:: Available data
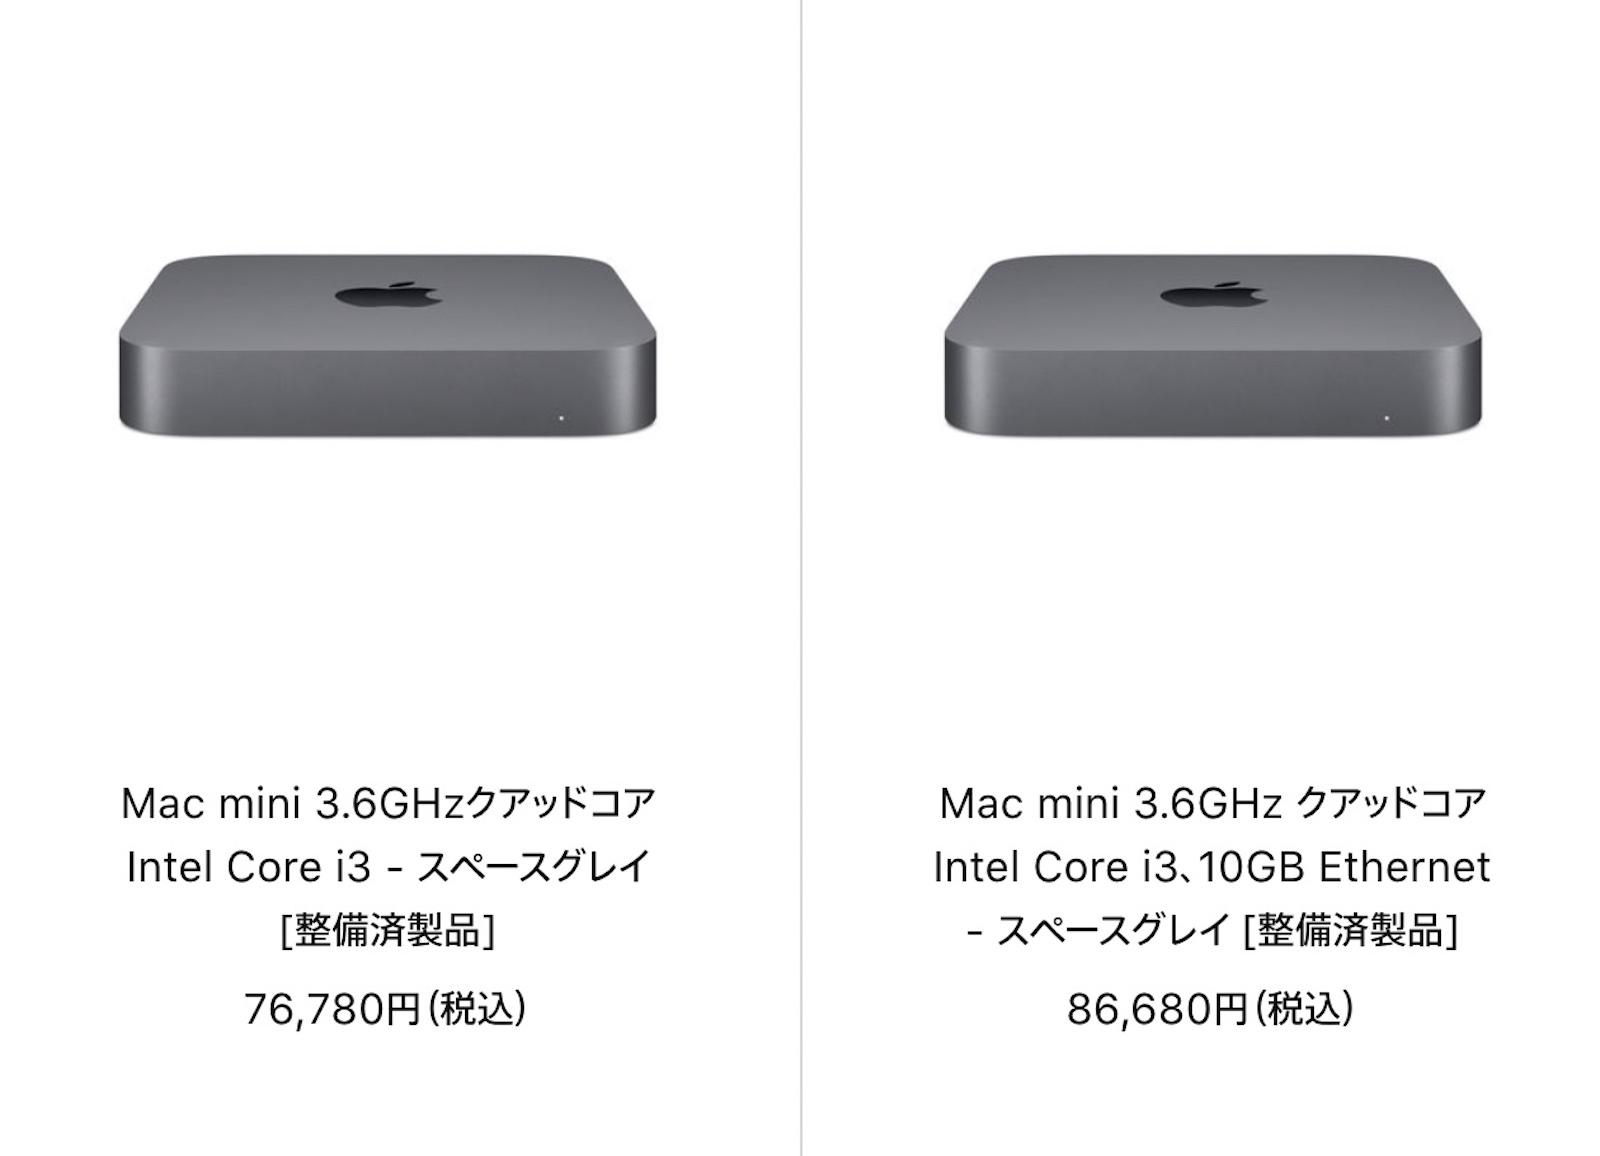 Mac Refurbished model 2021 09 17
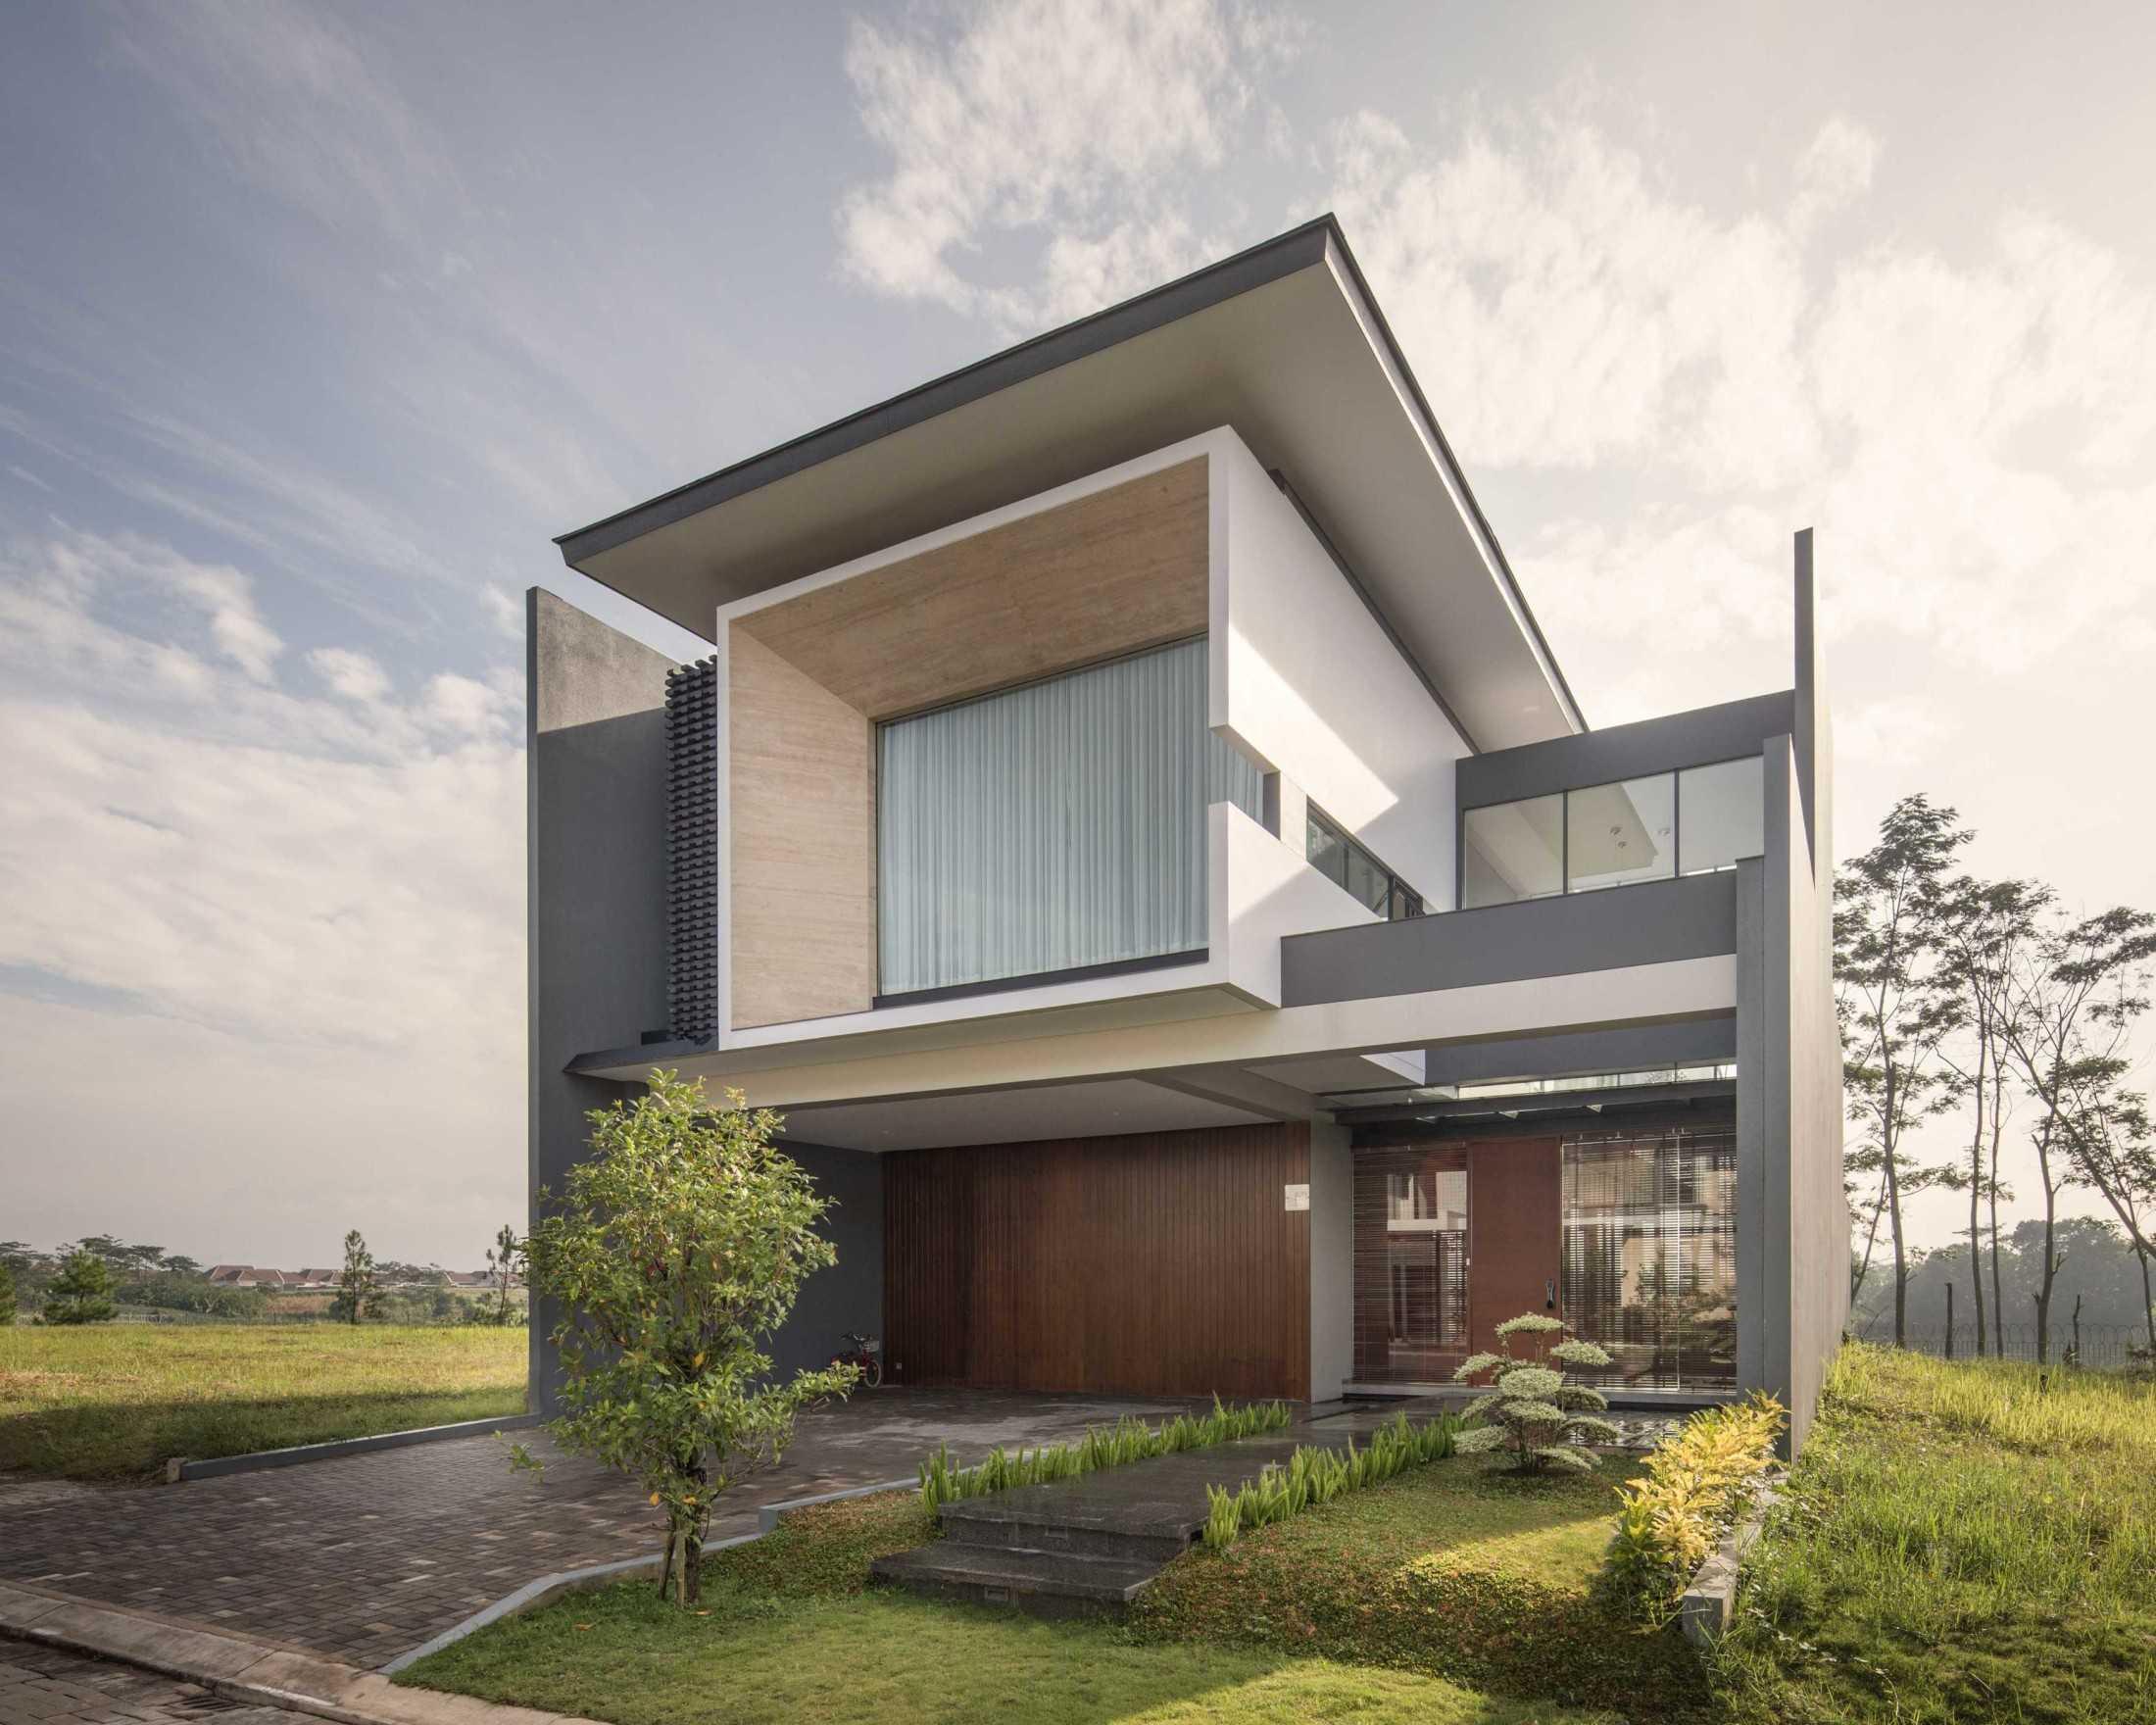 26 Ide Desain Rumah Minimalis Memiliki Banyak Unsur Kreatif Banget Deh -  Deagam Design
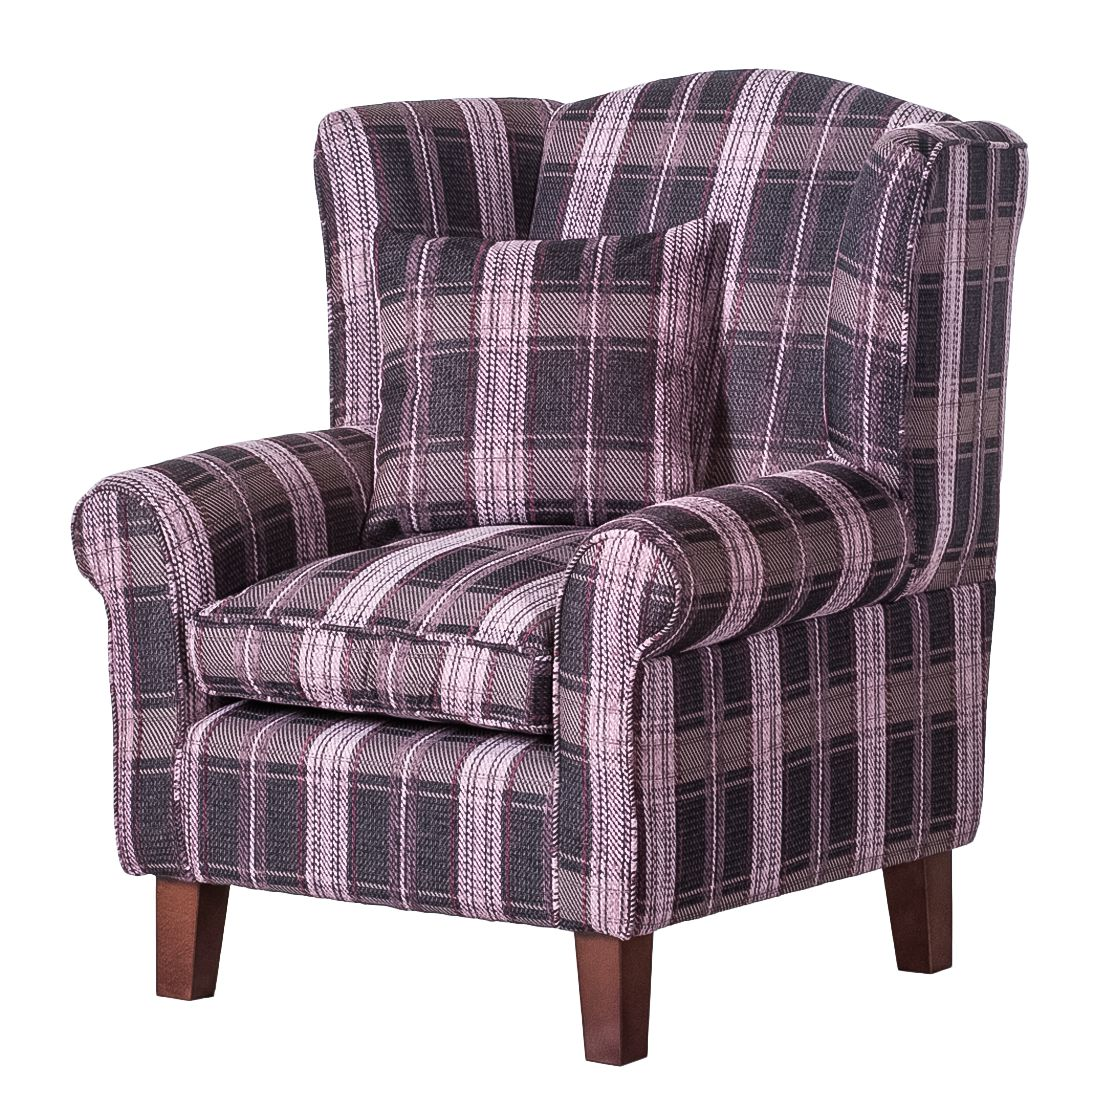 sessel colmar webstoff lila karomuster ohne hocker. Black Bedroom Furniture Sets. Home Design Ideas
::::
Locate the line containing "26 Ide Desain" in the material above, then repeat it and every later line exactly, with no pictures.

 26 Ide Desain Rumah Minimalis Memiliki Banyak Unsur Kreatif Banget Deh -  Deagam Design
 sessel colmar webstoff lila karomuster ohne hocker. Black Bedroom Furniture Sets. Home Design Ideas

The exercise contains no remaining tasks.